Expresará, aturdido, el personaje del cuento de Pitol cuando, tras la marcha de la pantera, intente transcribir su mensaje: “permanecían vivas aquellas proféticas palabras que inmediatamente escribí en una media cuartilla hallada en el escritorio. (…) Y sin embargo, con estupor y desolada vergüenza, debo confesar que las palabras anotadas eran apenas una mera enumeración de sustantivos triviales y anodinos, que asociados no hacían sentido alguno. (…) Uní todas las palabras en una sola, larguísima; estudié cada una de las sílabas. Invertí noches y días en minuciosas y estériles combinaciones filosóficas. Nada logré poner en claro”. [6]

Así, Pitol parecería sugerirnos en esta narración la imposibilidad de acceder ya a los secretos del mundo subterráneo mesoamericano, conocer sus íntimos confines; que, efectivamente, “no hay tal lugar”: no existe ya la posibilidad de volver a sumergirnos en ese ignoto, inconsciente mundo utópico en el que los seres humano parecían rugir y los animales hablar al que accedía la comunidad de seres humanos durante el transcurso de sus primeros rituales sagrados.[7] Menos aún, si tenemos en cuenta que lo utópico (la sociedad humana sin pecado y, por tanto, sin necesidad de leyes) -y esto lo ha observado con suma lucidez Bataille-, se encuentra unido incondicionalmente a ese mundo natural-animal íntimamente relacionado con la transgresión y, por tanto, con la violencia natural que los primeros sacrificios humanos y de animales intentaba controlar, el advenimiento crístico anular y el dominio de la técnica y la razón aniquilar.

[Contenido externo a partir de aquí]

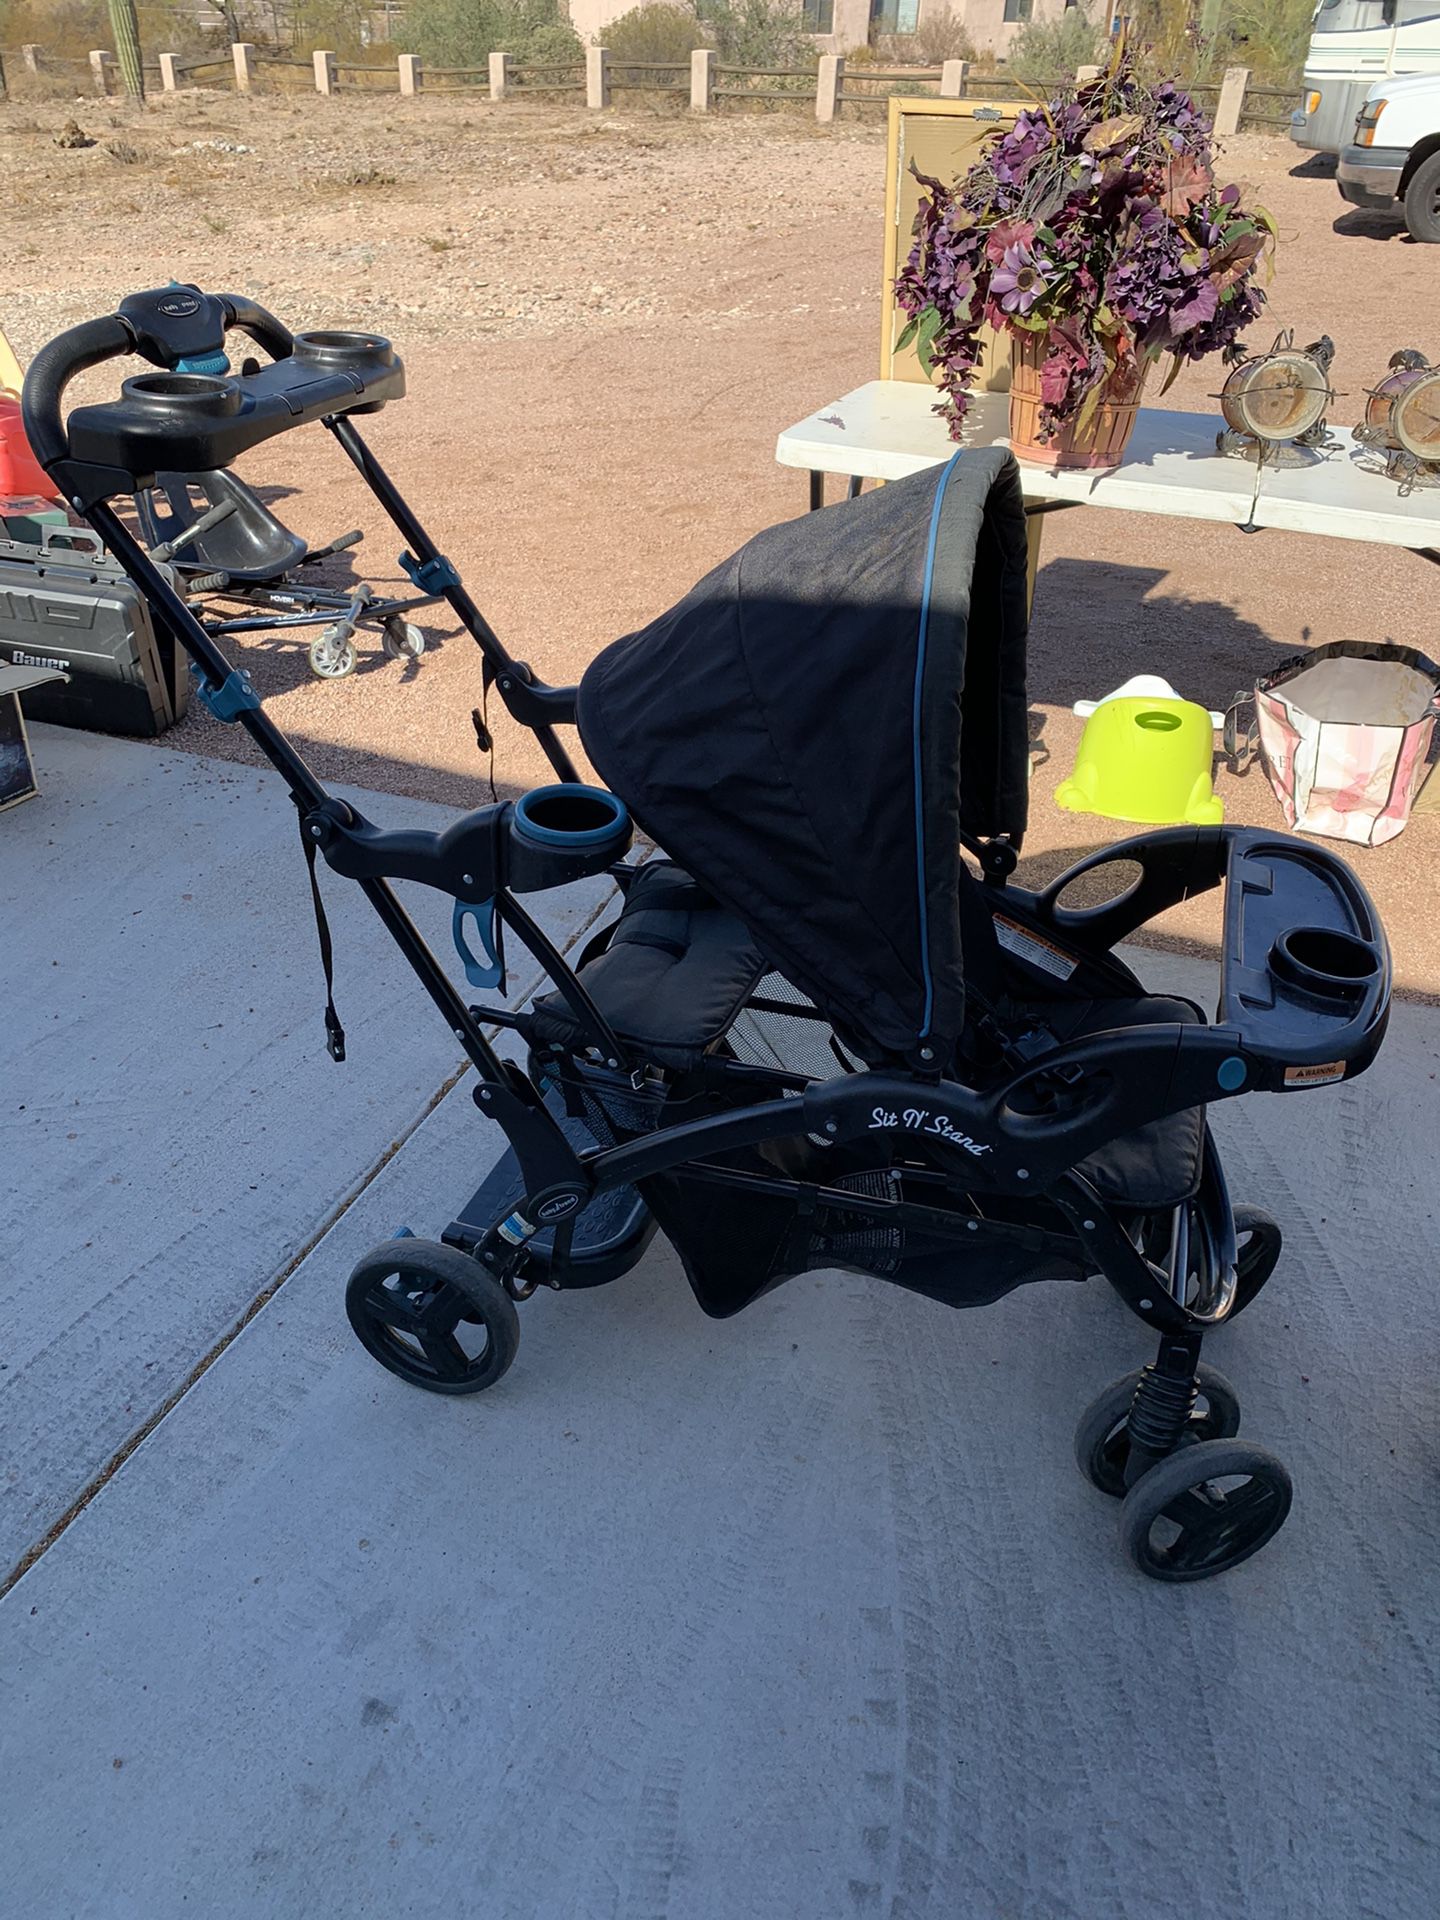 Sit and Stand Baby Trend stroller

Se entenderá, entonces, si hemos seguido este razonamiento -y volvemos a recordar el exterminio que de las culturas pre-hispánicas realizara Occidente en Mesoa mérica- que el narrador nos susurre al oído al final de su confesión estas reveladoras palabras: “Sé que una noche volverá la pantera. Tal vez tarde en hacerlo otros veinte años. Entonces hablaremos de esas palabras que ya nunca podré olvidar, y juntos, ella y yo, trataremos de aclararlas y hallarles su sentido. Tal vez no viniera, como yo imaginé, a descifrar mi destino, sino a implorar un auxilio para descifrar el suyo”.[8] Pues si bien el destino del escritor veracruzano en México se encontraba cifrado en parte por un origen y ascendencia mucho más aprehensible, traducible y comprensible para él -su ascendencia europea-; el destino de los hombres-pantera, de las nocturnos jaguares mayas o aztecas, que gobernaban sin freno el reino de la noche y dialogaban en un lenguaje intransferible con muertos y vivos, se halla inequívocamente vinculado a la cultura occidental de quien depende, actualmente, que muchos de los símbolos de las culturas mesoamericanas además de ser conservados, puedan recuperarse, regresar de las tinieblas nocturnas.

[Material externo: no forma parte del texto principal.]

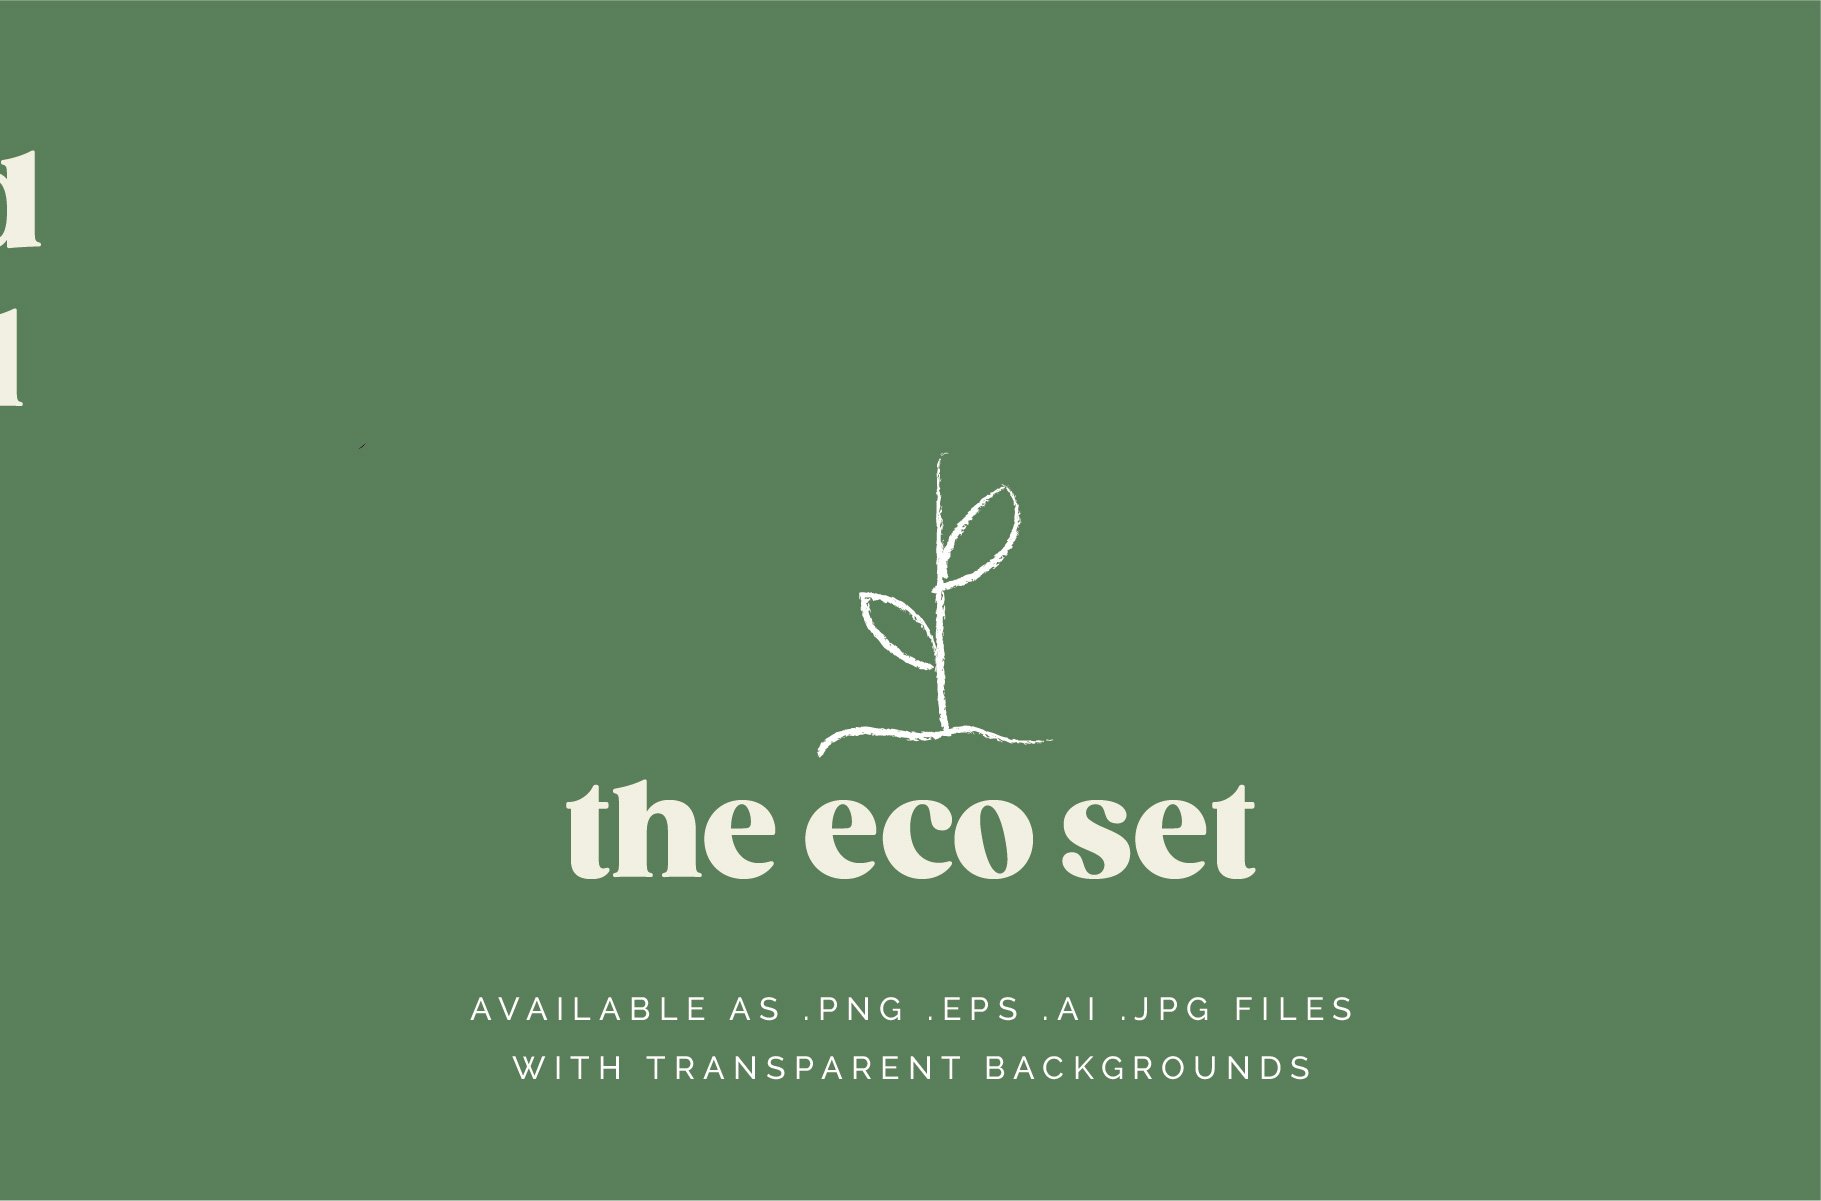 the eco set recovered 08 142

De todas maneras, no me gustaría terminar de referirme a esta narración sin hacer otra serie de consideraciones como la hilaridad y asombro que me provoca en muchos momentos. Sobre todo, por la habilidad con la que el escritor mexicano dispone y esconde determinados signos en ella que provocan que la interpretación de sus caleidoscópicos textos se multiplique sin cesar. Lo que podemos comprobar en el hecho de que, en la posterior -en el caso de Pitol, habitual- reescritura que realizara del cuento, las últimas líneas ya citadas (“tal vez no viniera, como yo imaginé, a descifrar mi destino, sino a implorar un auxilio para descifrar el suyo”) que aclaran, en mucho, el porqué del insólito signo-pantera en su literatura, hayan sido retiradas haciendo más enigmática y conjetural su aparición; pero que podemos cerciorar todavía más si atendemos al uso que realiza el escritor mexicano de determinados símbolos numéricos que terminaría de conferir sentido a la interpretación -en clave mesoamericana- que estamos realizando del cuento.

Doce son las palabras a través de las que el narrador intenta descifrar el mensaje legado por la pantera en el interior del sueño: “Con infinita ternura contemplé la hoja blanca en que se vislumbraban aquellas doce palabras esclarecedoras.”[9] Y veinte son los años que tardó en reaparecer la pantera. Lo que, atendiendo al punto de vista de nuestra interpretación, no debería ser considerado casual.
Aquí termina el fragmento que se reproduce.